- **Task**
A word-for-word reproduction of the data below is needed, with no pictures in it.

- **Source data**
────

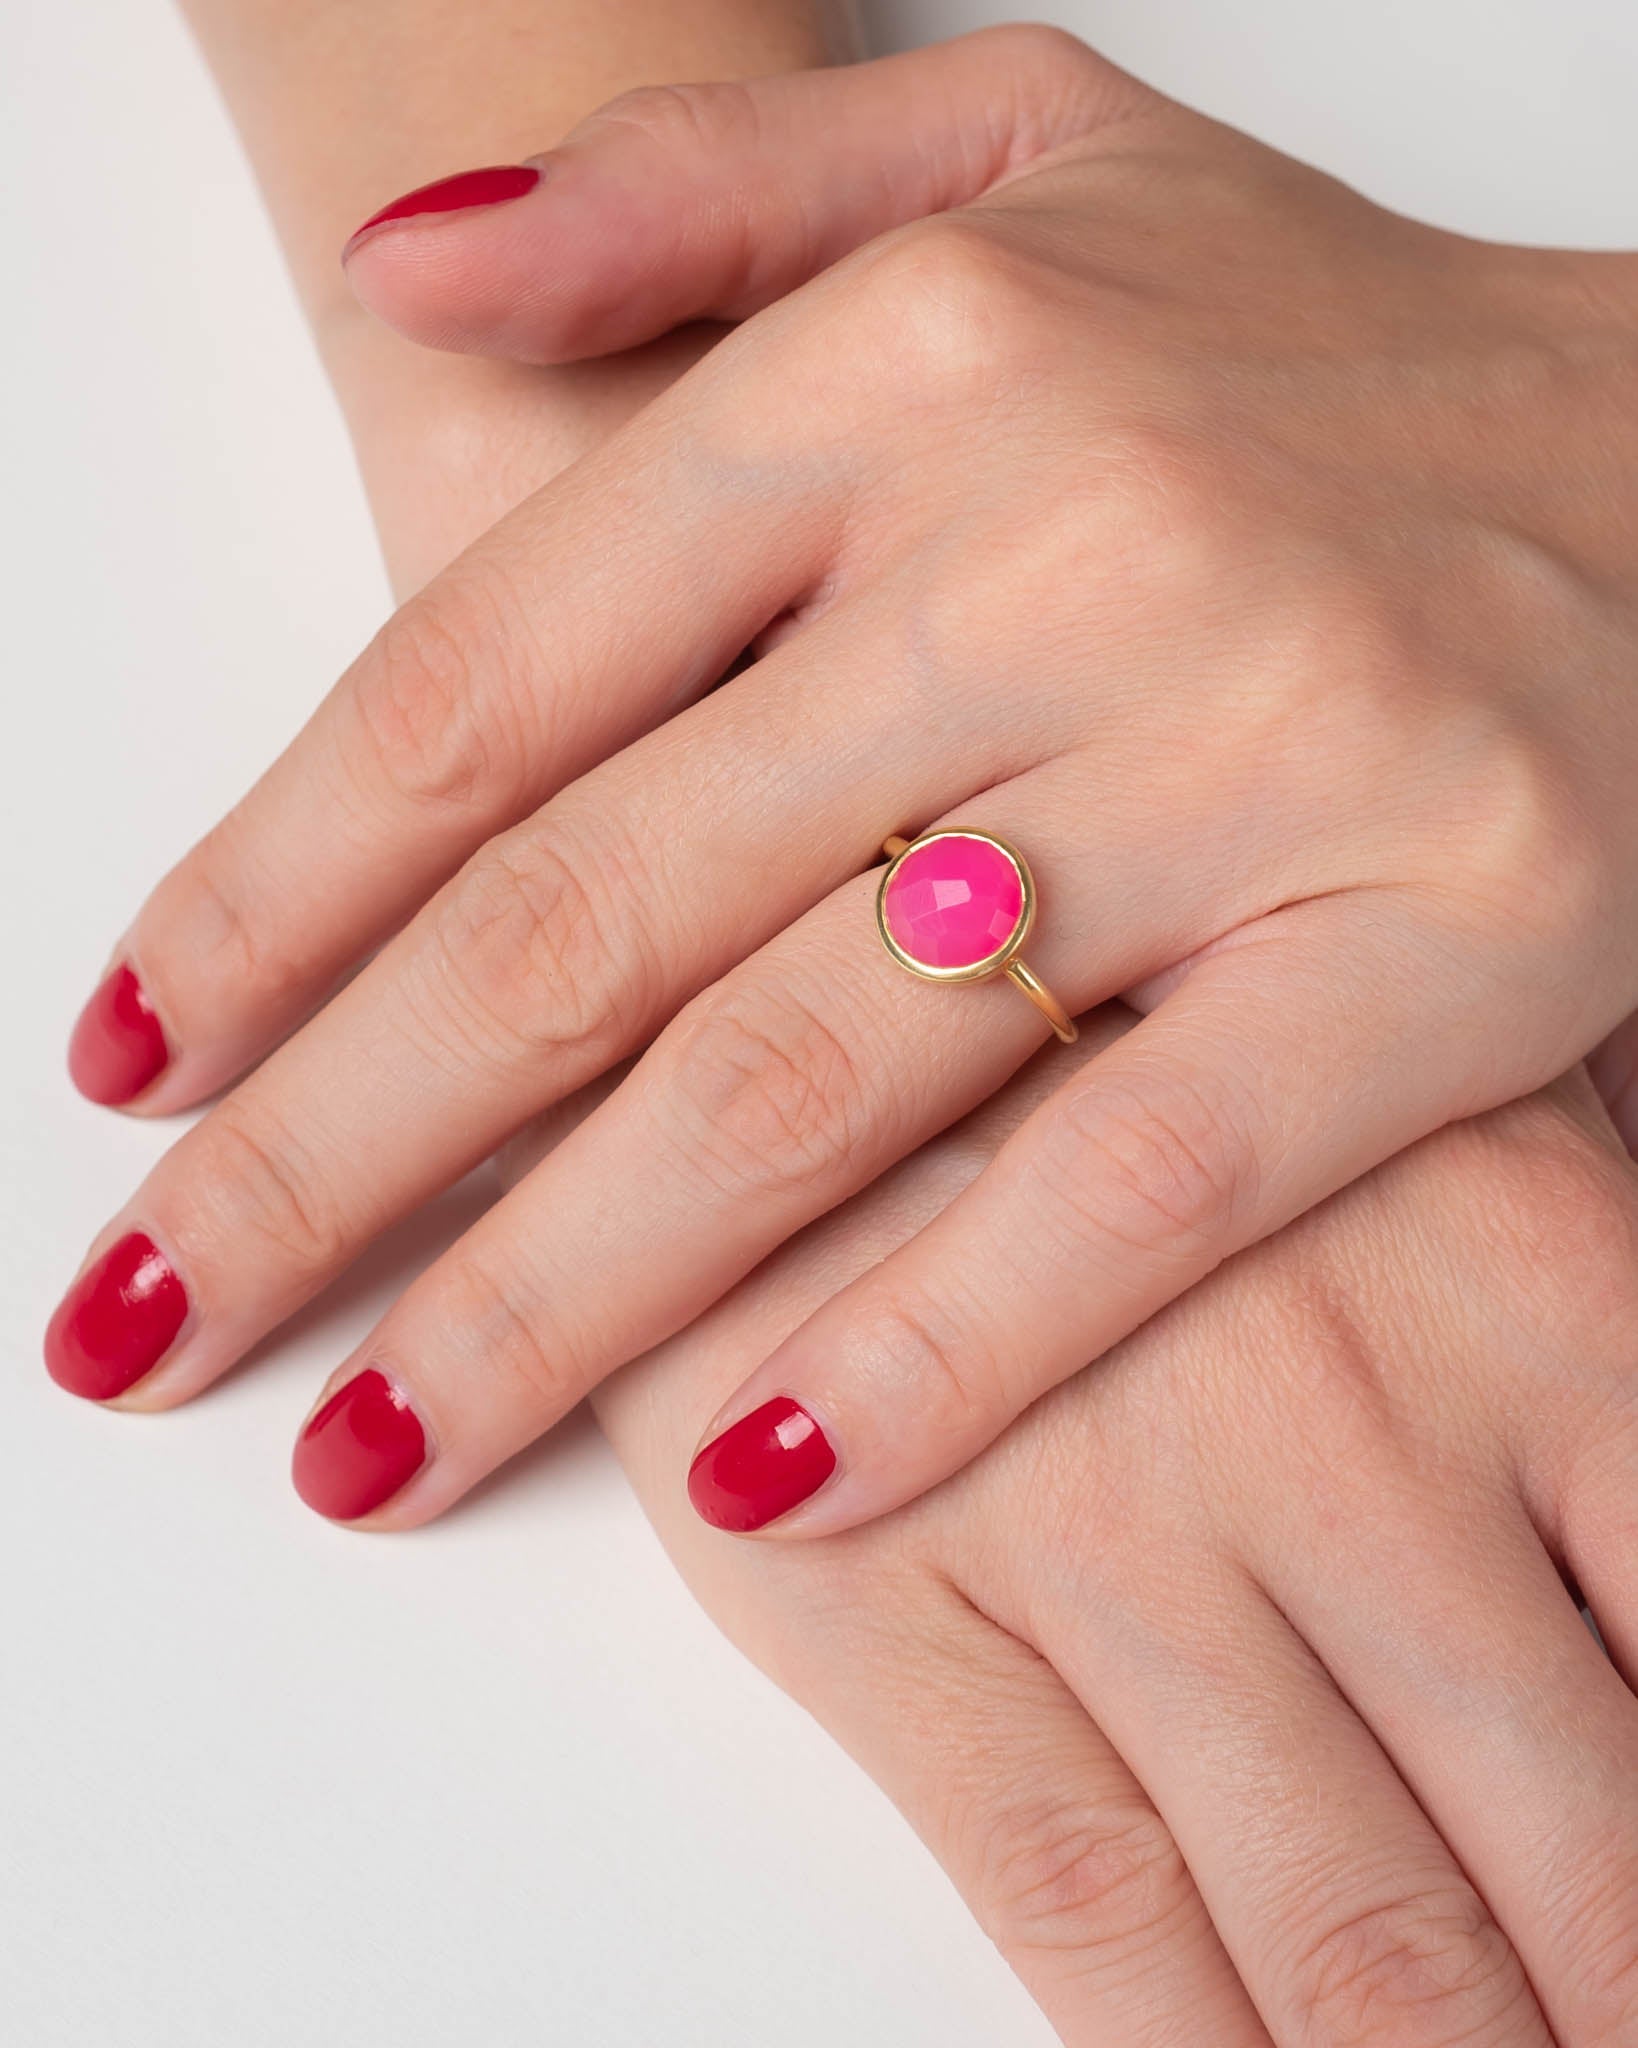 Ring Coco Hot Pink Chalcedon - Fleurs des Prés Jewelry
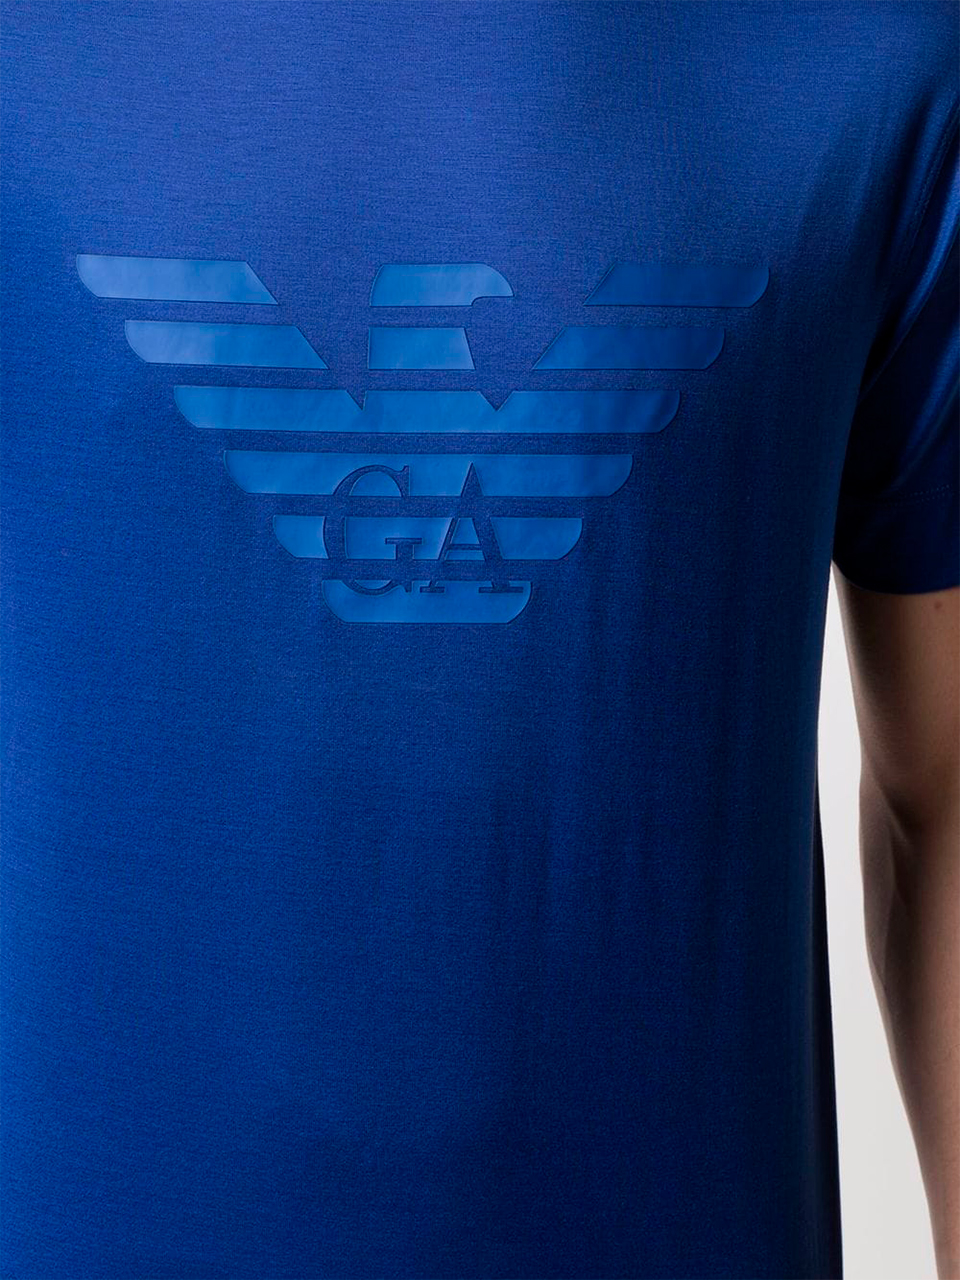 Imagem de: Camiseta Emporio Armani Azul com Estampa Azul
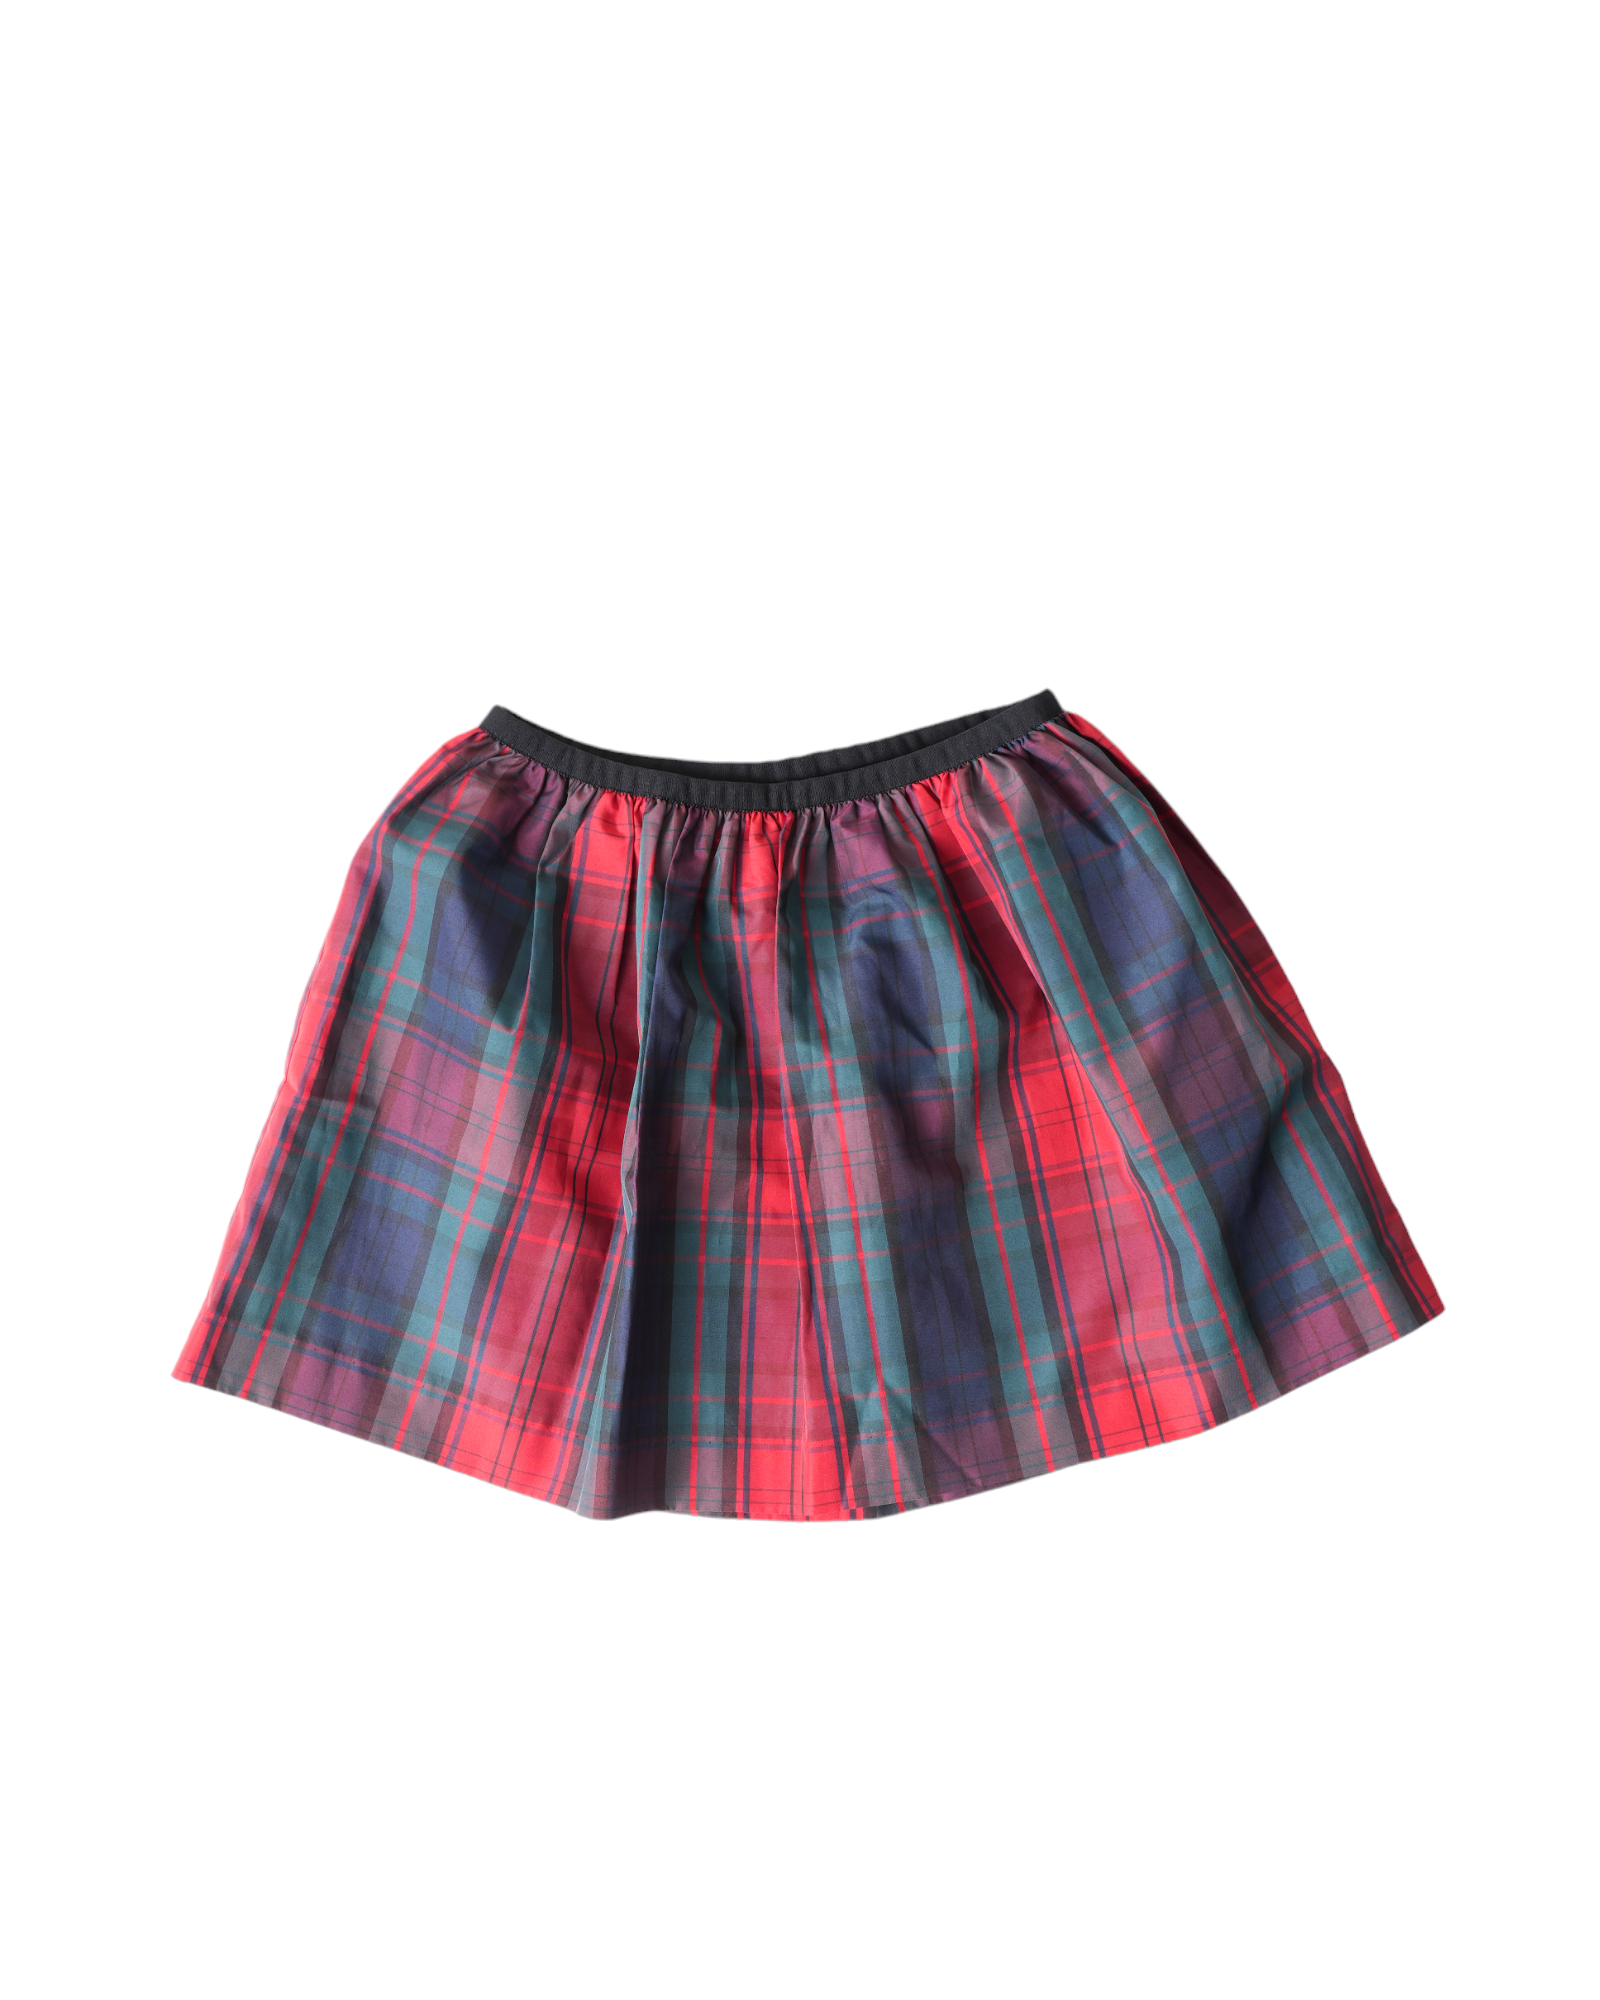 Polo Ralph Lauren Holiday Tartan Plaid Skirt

────

- **Finished task**
 Ring Coco Hot Pink Chalcedon - Fleurs des Prés Jewelry
 Imagem de: Camiseta Emporio Armani Azul com Estampa Azul
 Polo Ralph Lauren Holiday Tartan Plaid Skirt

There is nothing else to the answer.